1

I'm writing a small function for finding all the subsets of a list of numbers S, the output is a list of lists.

def subsets(S):
    if S is None or len(S) == 0:
        return [[]]

    output_list = []
    sub = [[[], [S[0]]]]
    for i in xrange(1, len(S)):
        without_ith = sub[i - 1]
        with_ith = [element + [S[i]] for element in without_ith]

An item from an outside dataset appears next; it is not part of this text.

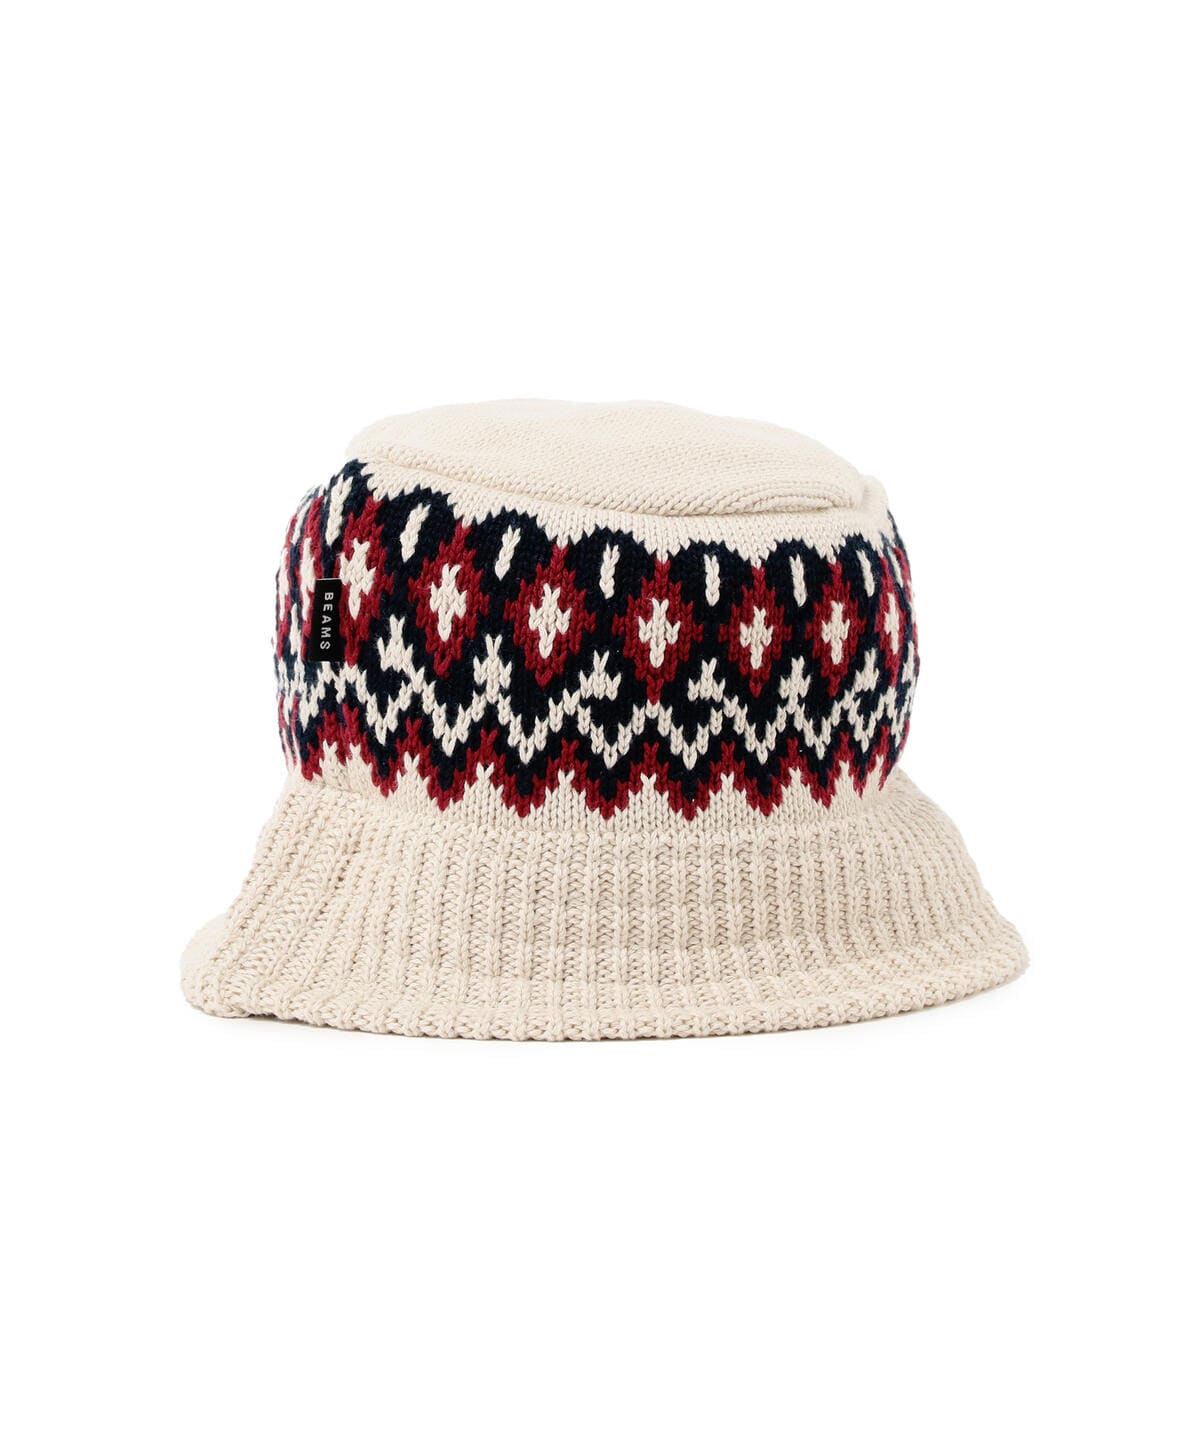 BEAMS BEAMS Jacquard knit BEAMS hat (hat) mail order | BEAMS

        # convert to set of tuples, for set union
        without_set = set(tuple(element) for element in without_ith)
        with_set = set(tuple(element) for element in with_ith)
        new_set = without_set | with_set

        # convert back to list of lists
        new = list(list(element) for element in new_set)
        sub.append(new)

    # sort each sublist into non-descending order
    # output_list = [sorted(element) for element in sub[-1]]
    for element in sub[-1]:
        output_list.append(sorted(element))
    return output_list

The algorithm is described in the accepted answer of this post: Finding all the subsets of a set

The thing that annoys me is the conversion from list of lists to set of tuples, and then perform the union of two sets of tuples, and convert back to list of lists. All these happens in every iteration. The reason is that in Python, sets must contain immutable objects, which are hashable, in order to perform set operations with other sets. But lists and sets are mutable and unhashable, tuples or frozensets are required as element of such sets. For my code, I mutate the element lists first and convert them to tuples for the union, and then convert back to lists. I wonder if there is a work-around? It looks not very clean and efficient.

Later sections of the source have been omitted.